Write your feelings down.


This has been amazing for me, often when I’m struggling to work out how I’m feeling, I will just start to write. Often this will be lists or spider diagrams to break down how I’m feeling. Often, I will experience multiple feelings at the same time. I used to identify all these feelings as the primary feeling. One such example of this is often I will feel anger, however, if I take the time to break it down, I will find, pain, hurt, and guilt amongst other feelings. Writing helps me explore this.

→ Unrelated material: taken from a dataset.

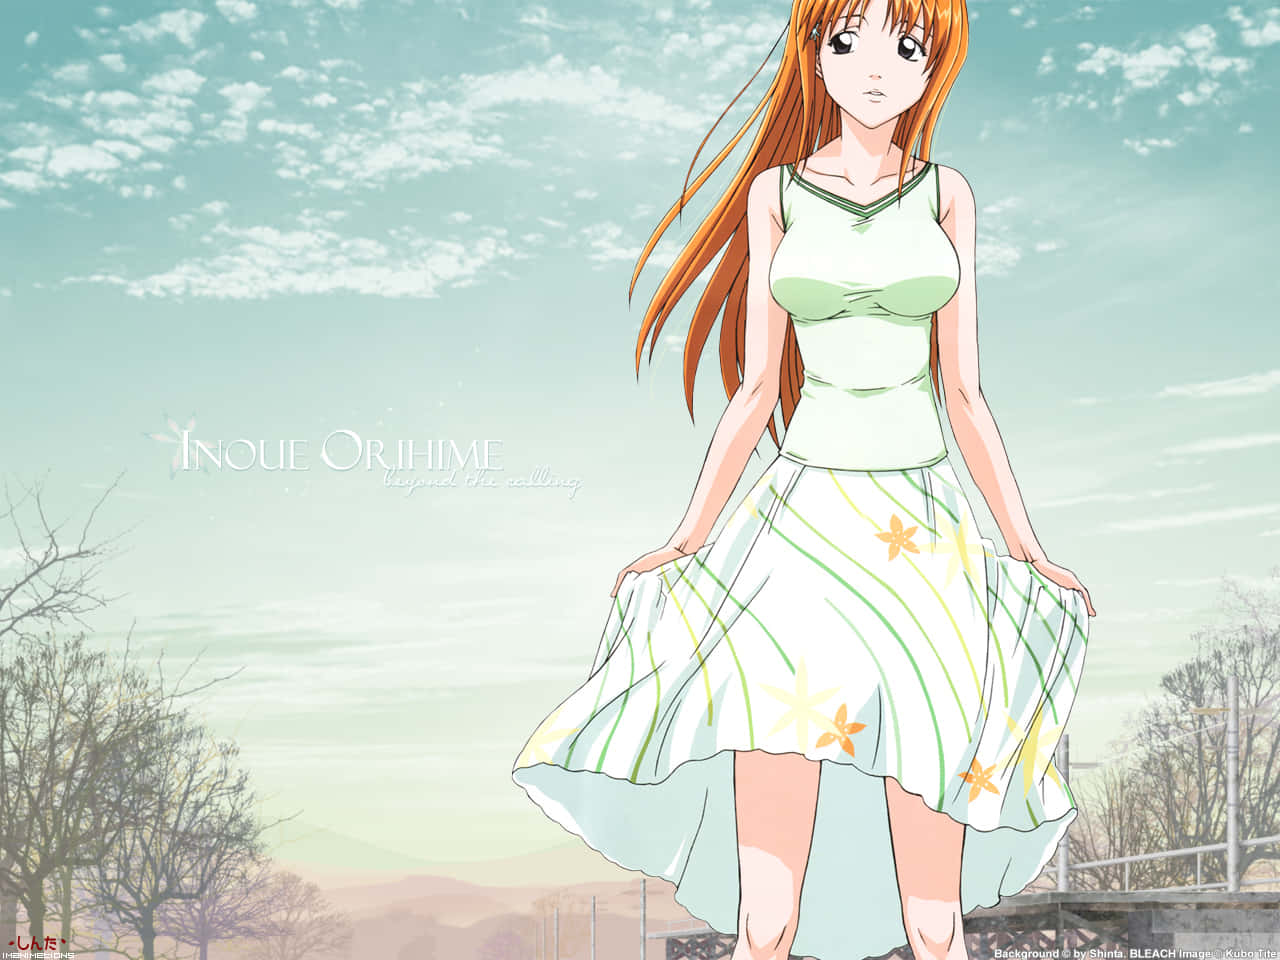 Meet Orihime Inoue, the Japanese manga and anime character Wallpaper

I like to keep some of my writings as I like to look back at them. However, if I’m writing about powerful emotions, sometimes I will burn them afterwards. This can help me leave the feelings behind.



Self-care.


Physical and mental well-being are closely linked. It never fails to amaze me how my mood can plummet just after eating a takeaway or how much life feels brighter after taking a short run. Life is for living so enjoy everything in moderation, however, if you are struggling with your mood don’t underestimate the difference a healthy meal and raising your heart rate can achieve.





Talk about your journey.


No two people’s stories are the same, however, I’m always amazed when I talk about my struggle to have children, how many people have gone through something similar and when they have not, how much empathy and compassion they offer me. Often just the act of talking about not being able to have children helps in itself.


Listen to others.


This might be about their journey which might be like yours, or something completely different. Listening helps both the talker and the listener, offering others compassion and kindness, which will be reciprocated in bucketloads.


Does it work?


Sometimes, I do get good and bad days, but most of the time, the above makes the bad days just that little bit more bearable. However, some days it just hurts and, on those days, I’ve no choice but to accept the pain for what it is, knowing that while it may never completely go away, it will get easier.




Where from here?


Well, the one thing I do know, is there will be 3 parts to this article, but this won’t be for a few months yet. We are currently looking at our options and if we try a second cycle of IVF. What the future brings nobody knows, so I will try my best just to enjoy the journey. I hope you do too.


Ben – It's That Sober Guy

Disclaimer – I’m not a trained addiction or mental health professional, information is based on my own life experiences and shared in good faith to help others.